A Club SAT, in collaboration with MUTEK, featuring a French/Northern Irish artist, performer embodying the unexpected, sound designer exploring extremes, and founder of the interdisciplinary label and collective SFX: Zoë Mc Pherson. Opening the night are two artists from Montreal’s underground scene: CPR Annie and Amselysen.
Between sharp percussions, hyper-kinetic singeli rhythms, and emotive club-ready pop, Zoë Mc Pherson shapes bold sonic worlds where imagination and reality collide. Their wide-ranging practice embodies complete creative freedom, always in pursuit of new forms and sonic possibilities.
Alongside them, CPR Annie and Amselysen bring their singular visions of the club. CPR Annie, with sets free from genres and eras, liberated from any formatted thinking, breathes vital life into the dancefloor. Amselysen delivers polymorphic sets where IDM, noise, techno, hyperpop, and synthwave intertwine, creating a caustic and unpredictable club experience.

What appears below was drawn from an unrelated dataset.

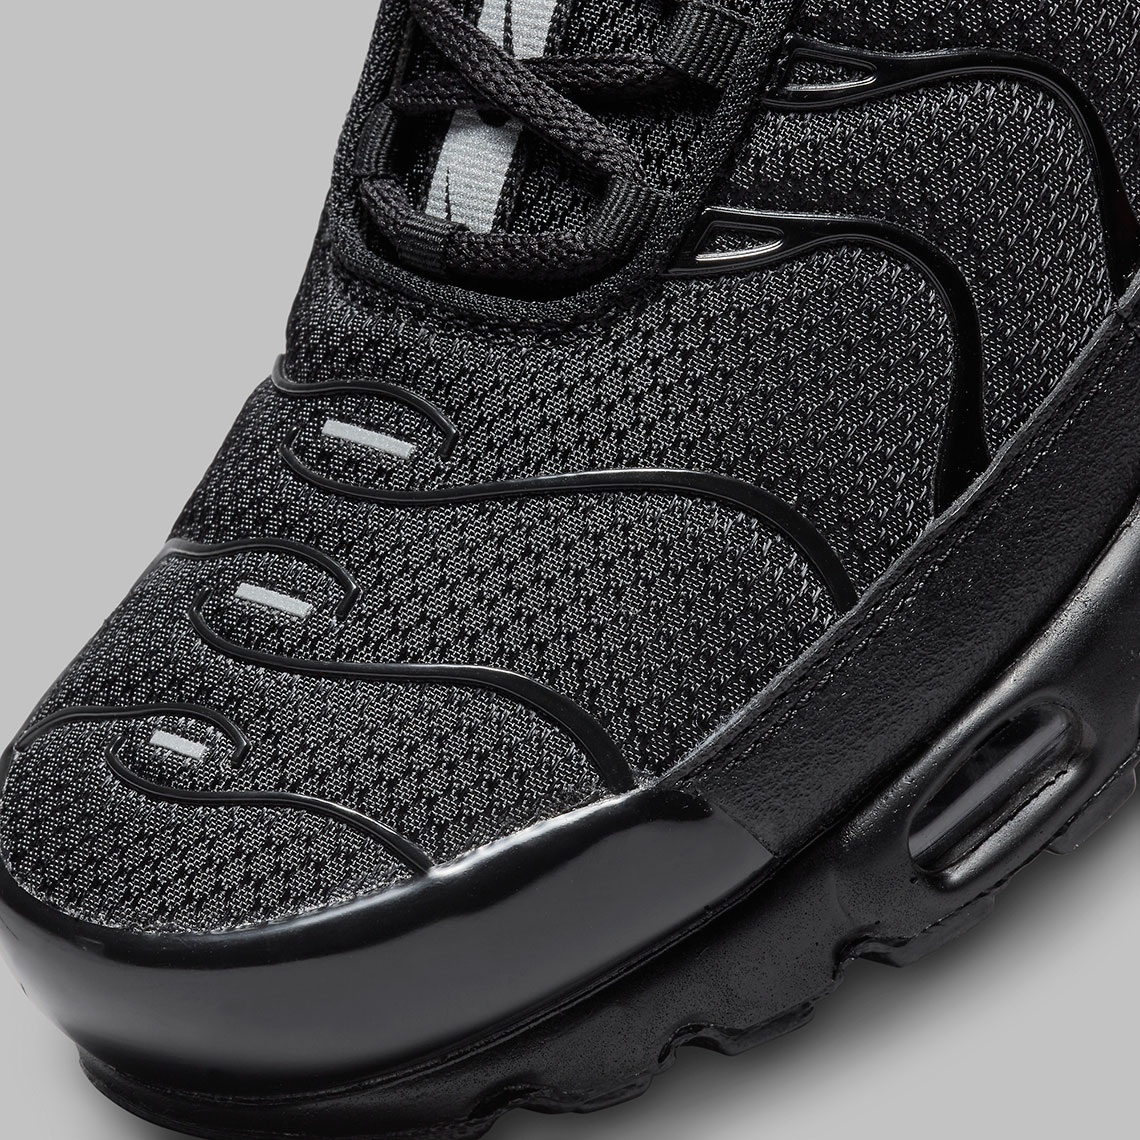 Nike Air Max Plus Black Silver Dx8971 001 Release Date 5

Zoë Mc Pherson embodies the unexpected. Their vibrant, nuanced music tests sonic extremes and musical pleasure, grapples with politics and raw emotion, shapes fantasy concepts and meditates on reality. Their albums and EPs strike out into uncharted zones, moving from the acute percussive angles to more melodious, vocal-charged exploration. Their style draws from soundsystem music, singeli rhythms, avant-garde synthesis, textural experimentation and club-ready pop. Mc Pherson has performed internationally at events such as CTM, MUTEK Mexico, Rewire and Novas Frequências, and developed installations and residencies with 4DSOUND at MONOM and the PHI Foundation. They also collaborate widely across different projects, lead workshops and run SFX, the multimedia platform they founded in 2020 to release their music and collaborative audio-visual projects.
CPR Annie is dedicated to giving the dancefloor the kiss of life it deserves. Unbound by specific genres and eras, she curates mixes that are free of formulaic thinking. On describing her sound, CPR Annie prefers to let the Machines talk and asserts that she has nothing more to say through the art of the Written Word.
As Amselysen, sound-recording artist Hakeem Lapointe never lingers on a single sound. After stints in IDM, noise, techno, art-pop and synthwave, their new endeavour promises dry, plastic, bold productions and pure electronic explosions. Still as hyperdynamic and iconoclastic as ever, Amselysen delivers wretched peace and caustic club rhythms.